Justice louis d. brandeis believed that Boyd will be remembered "as long as civil liberty lives in the United States." The noble sentiments expressed in joseph p. bradley's opinion for the Court merit that estimate, but like many another historic opinion, this one was not convincingly reasoned. To this day, however, members of the Court return to Boyd to grace their opinions with its authority or with an imperishable line from Bradley's.

Boyd was the first important search and seizure case as well as the first important case on the right against self-incrimination. It arose not from a criminal prosecution but from a civil action by the United States for the forfeiture of goods imported in violation of customs revenue laws. In such cases an 1874 act of Congress required the importer to produce in court all pertinent records tending to prove the charges against him or suffer the penalty of being taken "as confessed." The Court held the act unconstitutional as a violation of both the fourth and fifth amendments. The penalty made the production of the records compulsory. That compulsion, said Bradley, raised "a very grave question of constitutional law, involving the personal security and privileges and immunities of the citizen.…" But did the case involve a search or a seizure, and if so was it "unreasonable," and did it force the importer to be a witness against himself in a criminal case?
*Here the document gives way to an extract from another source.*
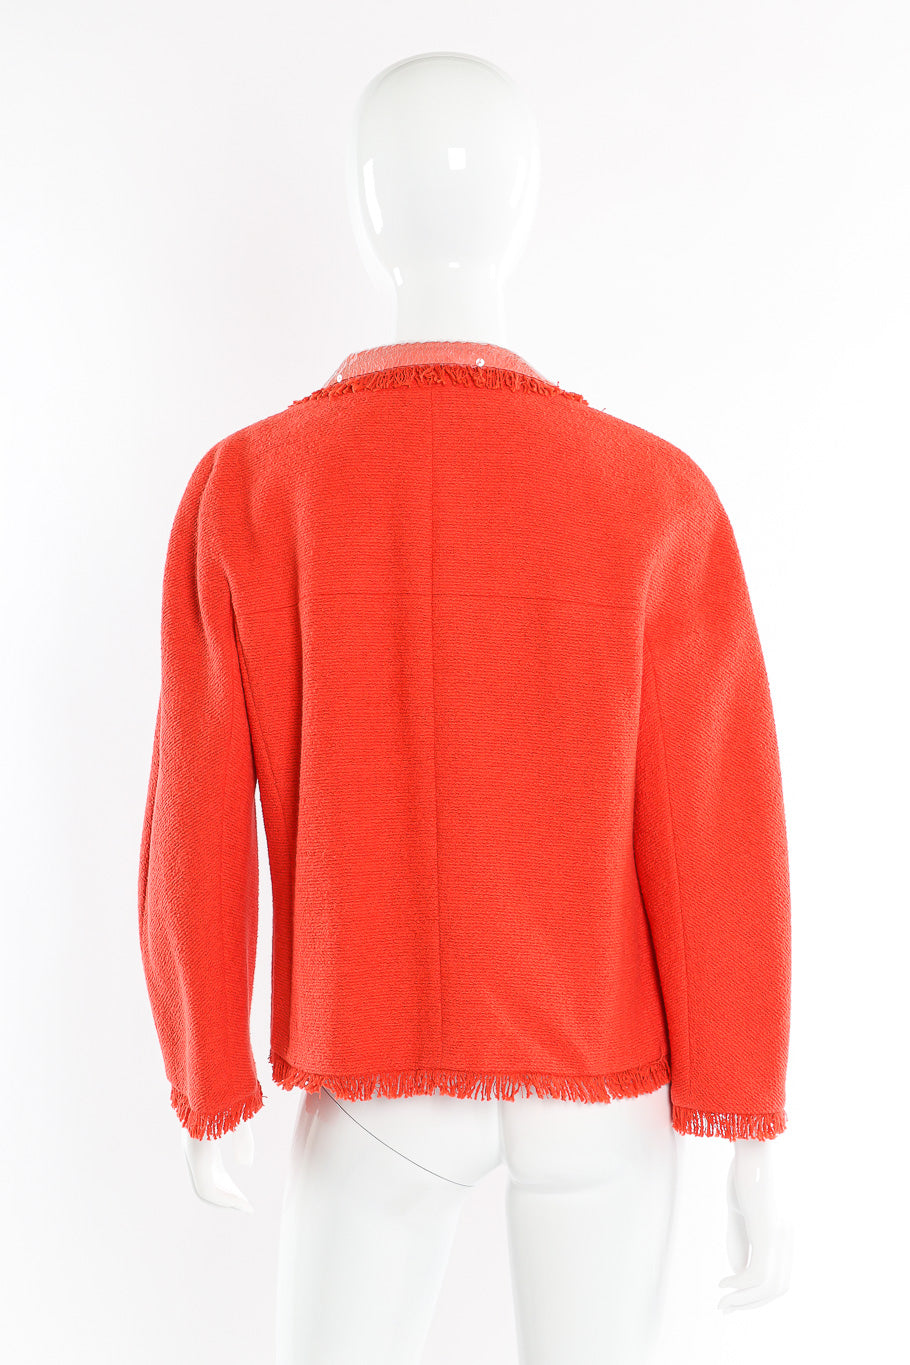 Bouclé tweed knit jacket by Chanel on mannequin back @recessla

Bradley conceded that there was no search and seizure as in the forcible entry into a man's house and examination of his papers. Indeed, there was no search here for evidence of crime. The compulsion was to produce records that the government required importers to keep; no private papers were at issue. Moreover, no property was confiscated as in the case of contraband like smuggled goods. The importer, who was not subject to a search, had merely to produce the needed records in court; he kept custody of them. But the Court treated those records as if they were private papers, which could be used as evidence against him, resulting in the forfeiture of his property, or to establish a criminal charge. Though the proceeding was a civil one, a different section of the same statute did provide criminal penalties for fraud.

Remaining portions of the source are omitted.